2 is a circuit diagram of generating a CRC code with a 16-bit clock of an XTP packet according to the present invention, in which a series of calculations are performed during 16-bit parallelism during one bit clock.

Initially all the registers of the storage circuit 4 start in the clear state.

Data is inputted to the input side combination circuit (3) consisting of a plurality of XOR gates through a 16-bit parallel input line (IN0-IN15), 16 bits at a time, starting from the most significant bit, and input data in the above formulas (2) to (17). Performs XOR operation only with those corresponding to (d ₀ -d ₁₅ ) and sends the result of XOR operation of each expression to output (X0-Xl5).

For example, the output X2 of the input side combination circuit 3 is an XOR operation of d ₀ , d ₁ and d ₁₄ (X2 = d _0). d ₁ d ₁₄ ) results.
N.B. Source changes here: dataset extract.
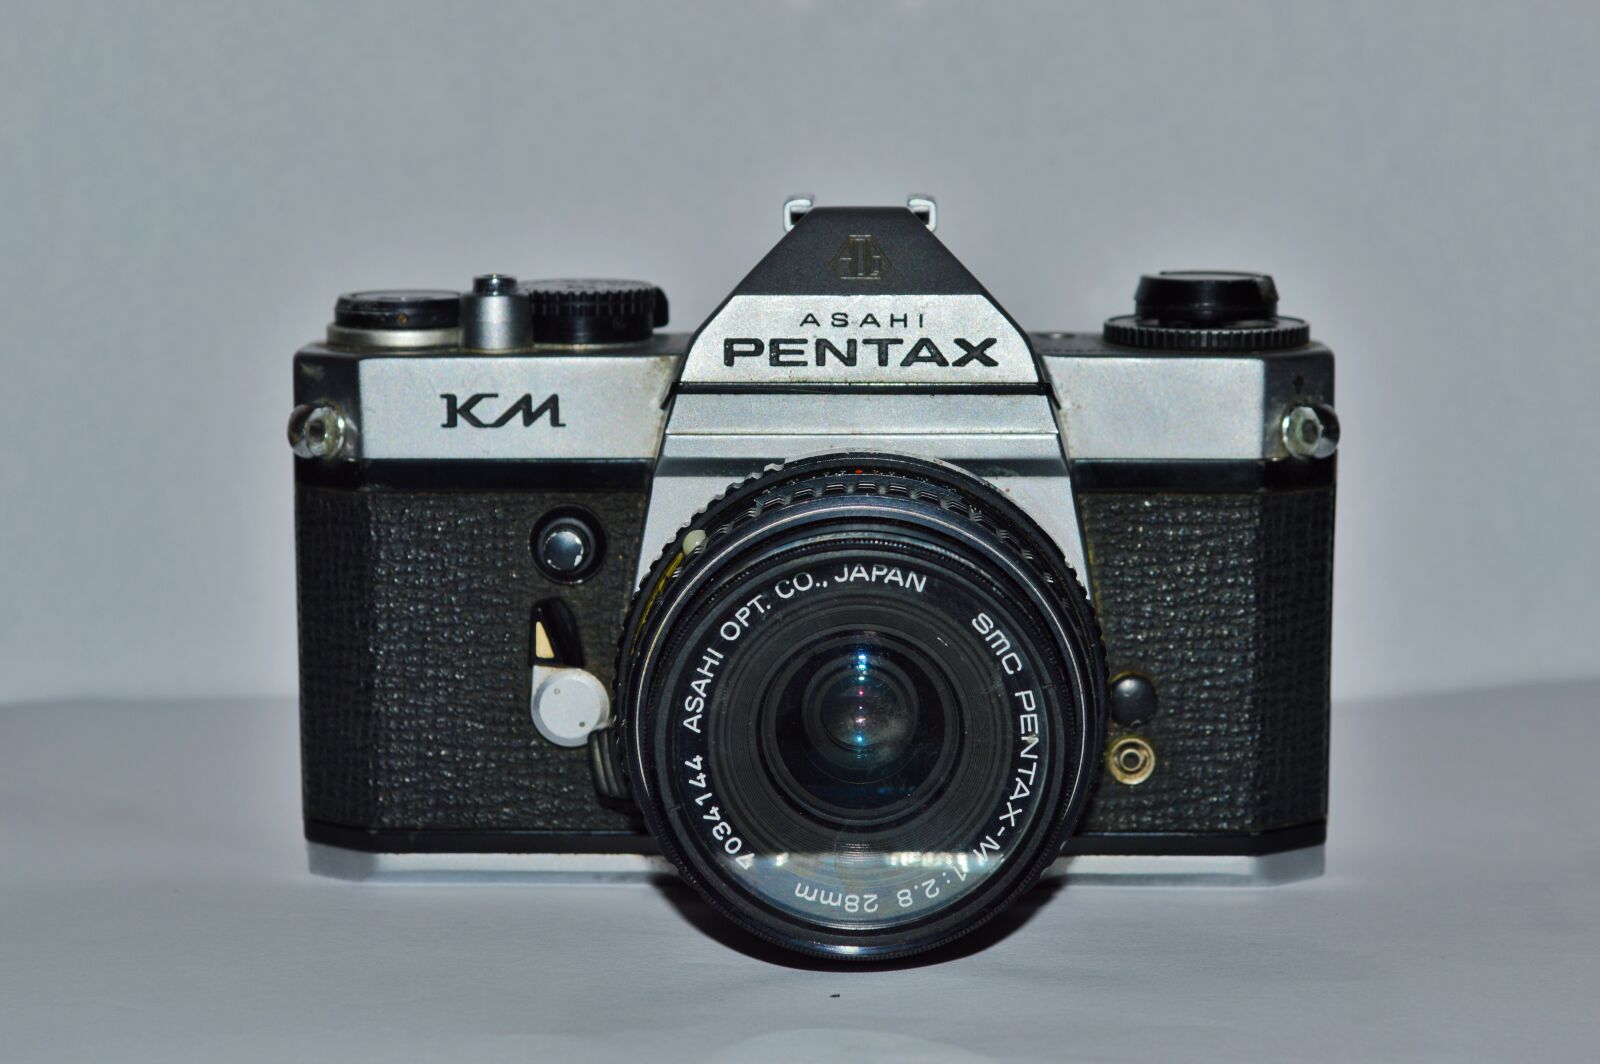 Nikon D3200 sample photo. Lens, antique, classic photography

In addition, the output side combination circuit 5 composed of a plurality of XOR gates exhibits an effect by feeding back each register state in the past. Y15), that is, XOR operation is performed only on the values of the registers (r ₀ -r ₁₅ ), and the result of the XOR operation of each expression is output to the output (Z0-Z15).

For example, the output Z2 of the output side combination circuit 5 is an XOR operation of r ₀ (0), r ₁ (0) and r ₁₄ (0) (Z2 = r ₀ (0) r ₁ (0) r ₁₄ (0) results.

An XOR operation is performed on each of X0 to X15 that is the result of the input side combination circuit 3 and Z0 to Z15 that is the result of the output side combination circuit 5, respectively, and is stored in the storage circuit 4.

For example, the output Y2 of the storage circuit 4 is X2Z2 = r ₀ (0) as a result of the calculation of X2 and Z2. r ₁ (0) r ₁₄ (0) d ₀ d ₁ is the result of d ₁₄ .

16 bits of data are input for every bit clock during the first 15-bit clock, the input side combination circuit 3 performs an XOR operation on the input data, and the output side combination circuit 5 stores each register of the storage circuit 4. Performs an XOR operation on the previous values fed back from

An XOR operation is performed on the X0 to X15 results of the input side combination circuit 3 and the Z0 to Z15 results of the output side combination circuit 5, respectively, and stored in the storage circuit 4.

In the same manner as described above, in order to obtain an XTP header CHECK code value for 30 bytes of the XTP header in 16-bit parallel for 15-bit clock, a desired XTP header CHECK code can be generated.

A selector circuit (6) consisting of 16 two-input multiplexers outputs data that is input in 16-bit parallel during the first 15-bit clock, and stores the XTP header CHECK code value calculated and stored for 15-bit clocks in the storage circuit (4), followed by one bit. It outputs during the clock (16th).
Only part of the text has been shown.